When they asked the dad if he heard the helicopter, etc.. he said, "Yeah, but I didn't think anything of it" because he obviously didn't listed to the description of the kid sitting right in his apartment. Sad, huh?
We hunkered down the rest of the day, and watched Kung Fu Panda at Jared's school that night. Lukas was ever so ready to help with anything, feeling guilty about the whole thing. I could tell he was feeling pretty badly about what happened, and asked him if that's why he was volunteering to do so many extra things to help. He said yes and I told him I forgive him, and to never ever ever go in anyone's house again. It was a rough day. At one point he asked innocently, Mama, can you please not cry anymore? Ahhhh, rough day.
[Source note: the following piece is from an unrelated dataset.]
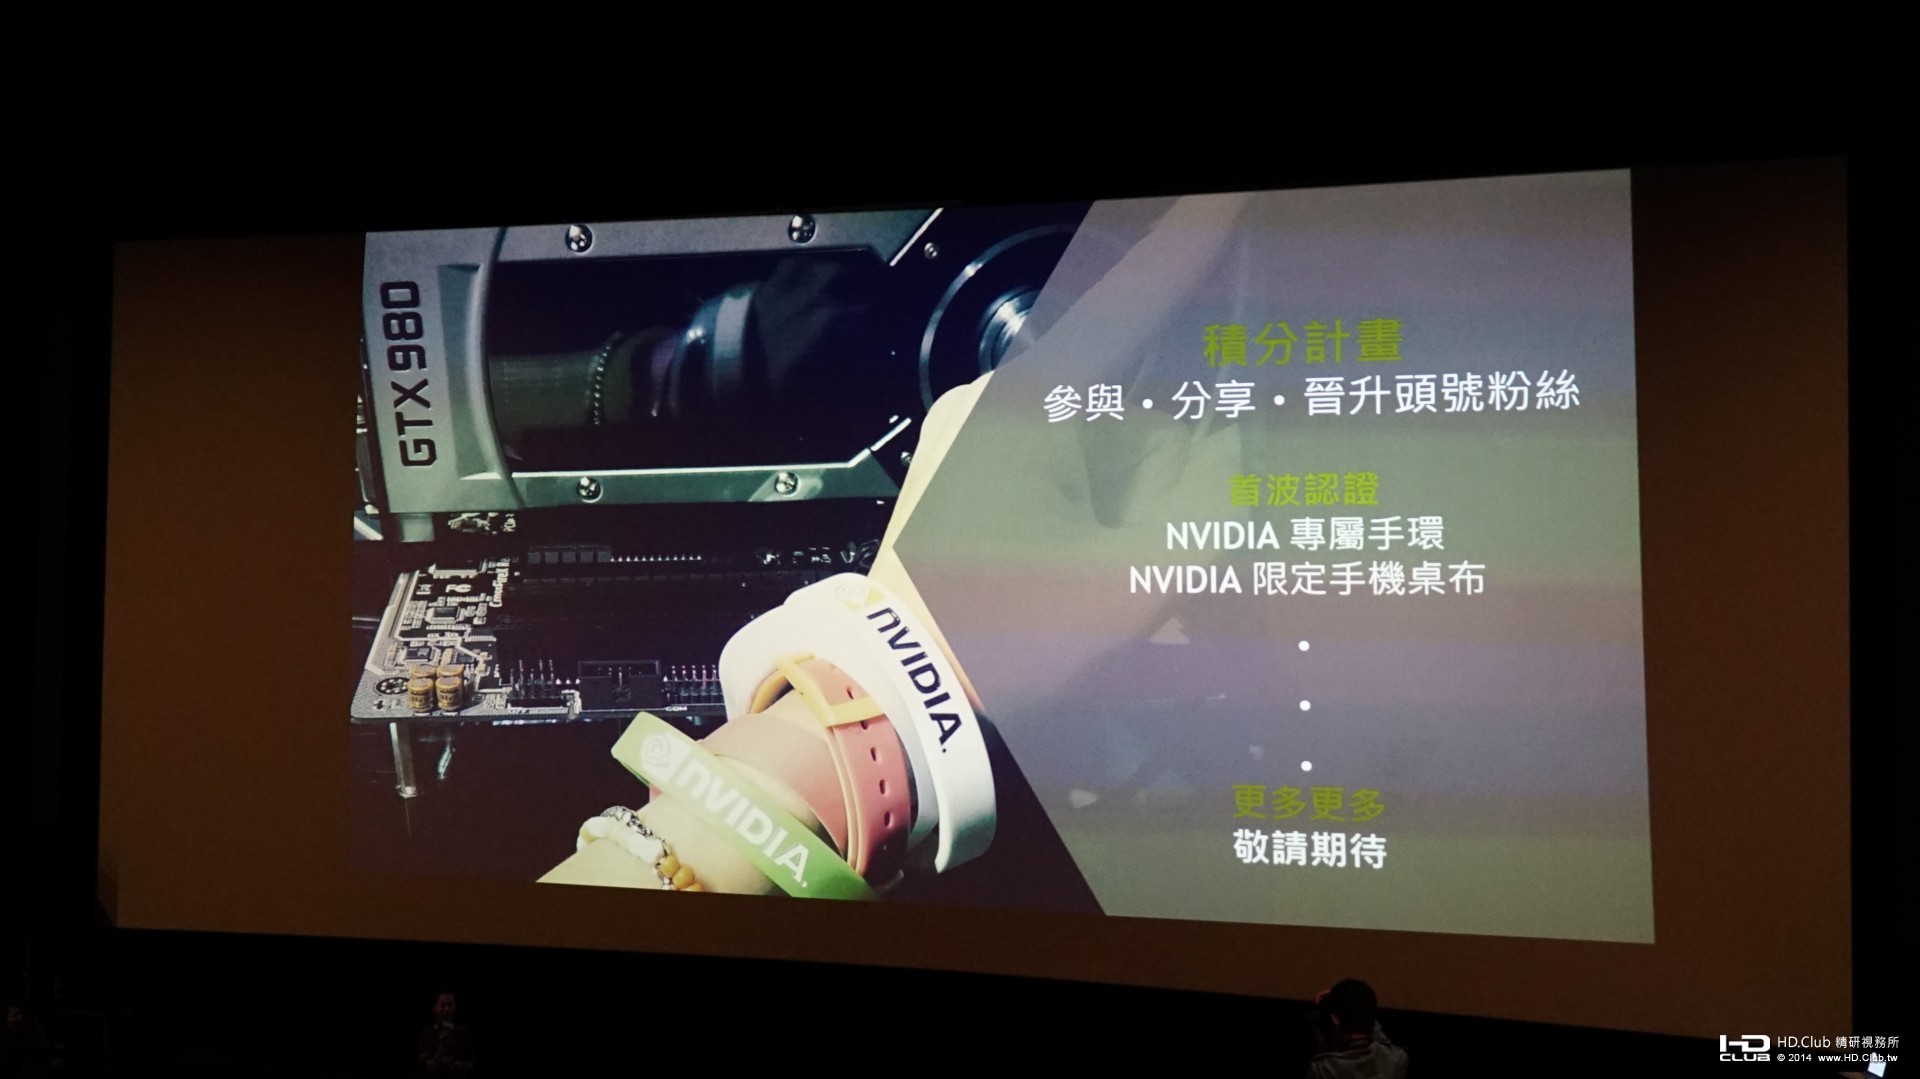 Nvidia_Movie_Day_19.jpg

The next morning, we brought the maintenance guys a plate of cookies and a picture that Lukas drew of them looking for him, and told everyone thank you for helping.




And... I stop by Caesar's house to talk to the dad, just to be clear that I have his number and he has mine, and that if ever a kid is in his house when he wakes up to send them out. And guess what... I hear his daughter Jasmine playing. And he never answered the door.

He was probably sleeping.  ARHGHH!!



2 comments:

Jeri said...

Oly Moly!! Talk about scary! Lukas is way too precious a little boy to even imagine him missing! Super scary for mom and dad! Definitely goes down as scariest morning ever! I'm so glad that this story has a happy ending! Lukas, Grandma & Grandpa Meredith love you sooo much and are very glad that you are safe and sound!

JAM said...

Sorry to hear you had to experience such a scary thing. Extremely grateful to know that all is well and he was found safe and sound. My heart starts pounding every time Michael doesn't answer back when we call for him but that has only lasted for 5 or 10 minutes at the most and he comes running out from what ever far corner of the complex he was playing in and we talk to him about staying close to our building so he can here his dads whistle. Couldn't even imagine how awful scary it would be to not know where my kid was at for two and a half hours. We love your guys and again we are extremely happy that everybody is safe and sound.